I recently became interested in the amplification/mesh pipeline, a relatively new rendering pipeline for modern GPUs.

So I experimented with a basic DirectX/Vulkan renderer that divides meshes into meshlets and frustum culls them on the GPU.

Here's the result, with frustum culling occupying 1/4 of the window resolution in the center.

And here it is with the correct frustum culling size and without debug colors.

Code available as ZIP download.

[ DirectX / Vulkan Abstraction ]

First of all, I wanted my engine to work with DirectX and Vulkan. To do this, I needed an abstraction layer, but just for my simple needs, which are prototyping, so that everything is kept to a minimum for fast iteration time. I'm not trying to build a production-ready engine.

My main rendering class is a virtual singleton class, which can be templated for either API, here's a simplified version of the virtual definition, nothing special here:

class Renderer : public Singleton
{
public:
    virtual void CreateDevice() = 0;
    virtual void CreateSwapchain() = 0;
    virtual void CreateFence(u32 idx) = 0;
    virtual void CreateCommandLists(u32 idx) = 0;
  
    virtual void SetPipelineState(void amplificationShaderHandle, u32 meshShaderHandle, u32 pixelShaderHandle) = 0;
  
    virtual u32 CreateBuffer(BufferType type, u32 sizeInBytes, u32 strideInBytes, const string& name, AllocType allocType = CE_BUFFER_ALLOC_TYPE_Default) = 0;
    virtual u32 LoadShader(ShaderType type, const std::wstring& filename) = 0;
    virtual u32 LoadModel(const std::wstring& filename) = 0;
  
    virtual void Present() = 0;
    virtual void GetOrWaitNextFrame() = 0;
    virtual void WaitAllFrames() = 0;
  
    virtual SharedPtr GetCurrentContext() = 0;
  
protected:
    u32 m_FrameIdx = 0;
};

Perhaps you've noticed methods returning a u32. When the renderer needs to return data, instead of having an API-templated structure (like one to handle VkBuffer/ID3D12Resource), I decided to just have a handle, which is an index into an array holding the data, which may be considered less clean but I really like its simplicity, even if debugging can be more difficult.

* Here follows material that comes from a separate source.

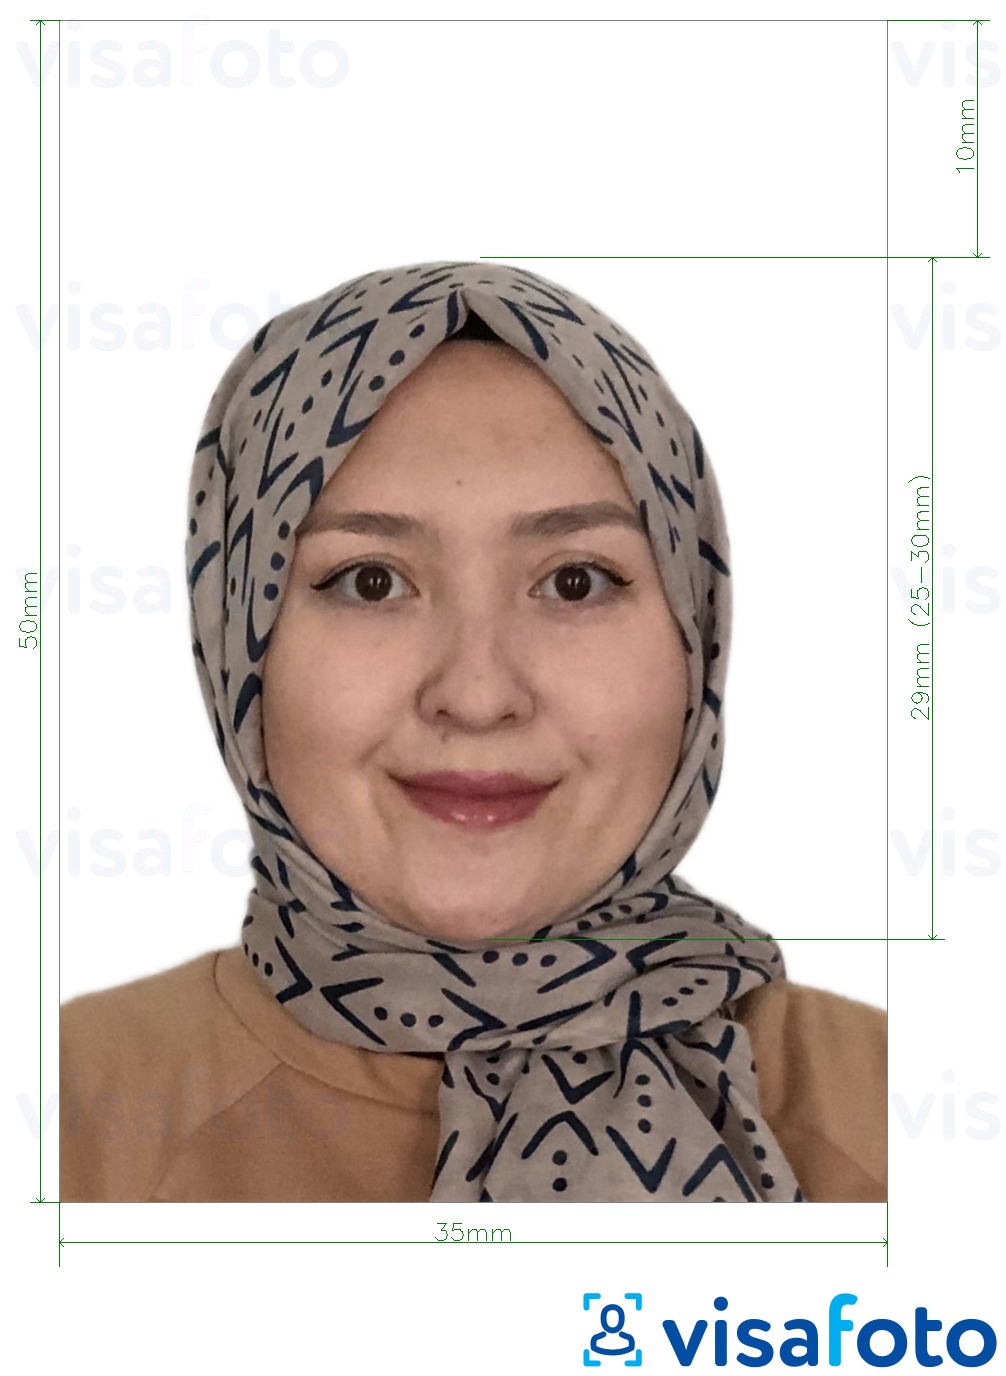 نمونه ی یک عکس برای پاسپورت مالزی پس زمینه سفید 35x50 میلیمتر با مشخصات دقیق

Here is an example of a handle being created:

u32 Renderer_DX12::LoadShader(const ShaderType type, const std::wstring& filename)
{
    IDxcBlob* result = CompileShader(type, filename);
    const D3D12_SHADER_BYTECODE byteCode =
    {
        .pShaderBytecode = result->GetBufferPointer(),
        .BytecodeLength = result->GetBufferSize(),
    };
    m_Shaders.push_back(byteCode);
    std::wcout << "Shader " << m_Shaders.size()-1 << " loaded. (" <<  filename.c_str() << ")\n";
    return m_Shaders.size() - 1;
}

Right now there's no handle deletion system; I don't need it yet :^)

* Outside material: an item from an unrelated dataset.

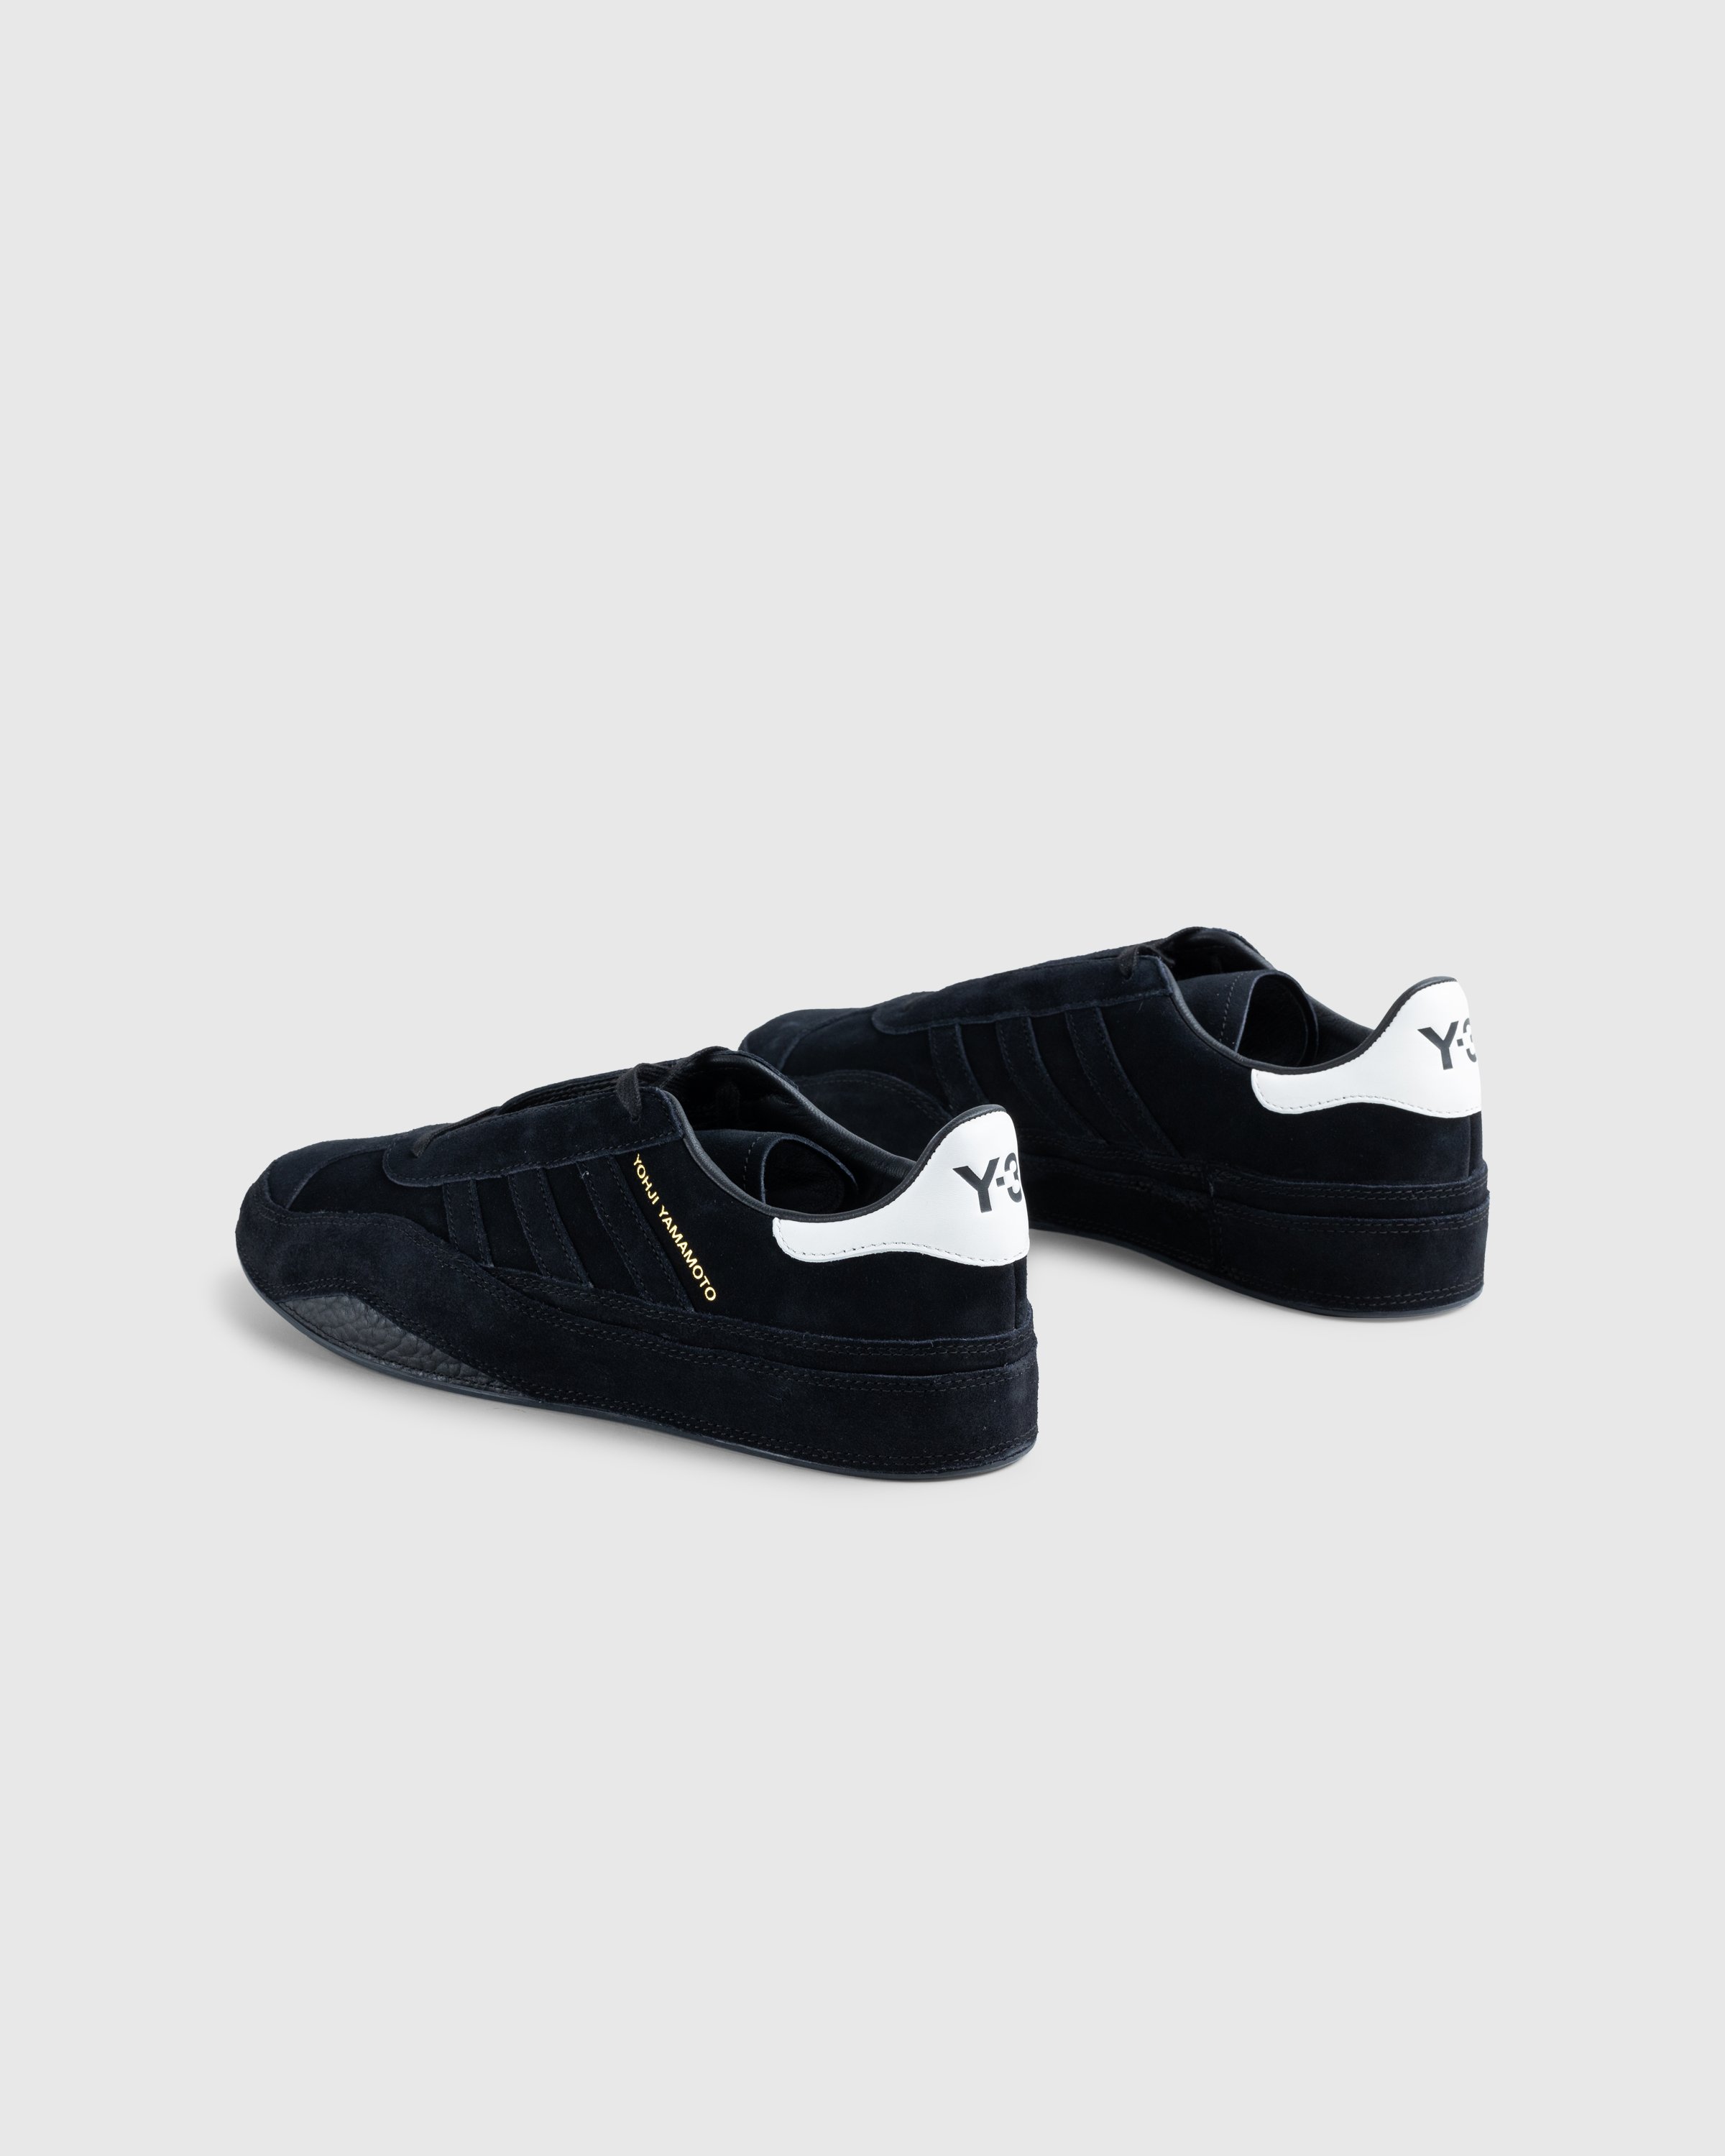 Y-3 - Gazelle Black - Footwear - Black - Image 4

[ Meshlet generation and culling ]

Time for the main course. Using meshoptimizer, I start by generating meshlets (a group of spatially close triangles) of the mesh. Here's a close-up view of these meshlets, with each color corresponding to a different meshlet.

Also, using the same library, I generate each meshlet's bounding sphere and normal cone. Using these meshlet boundaries, in the Amplification Shader stage, I can select only the meshlets visible to the camera frustum to be dispatched into the Mesh Shader stage.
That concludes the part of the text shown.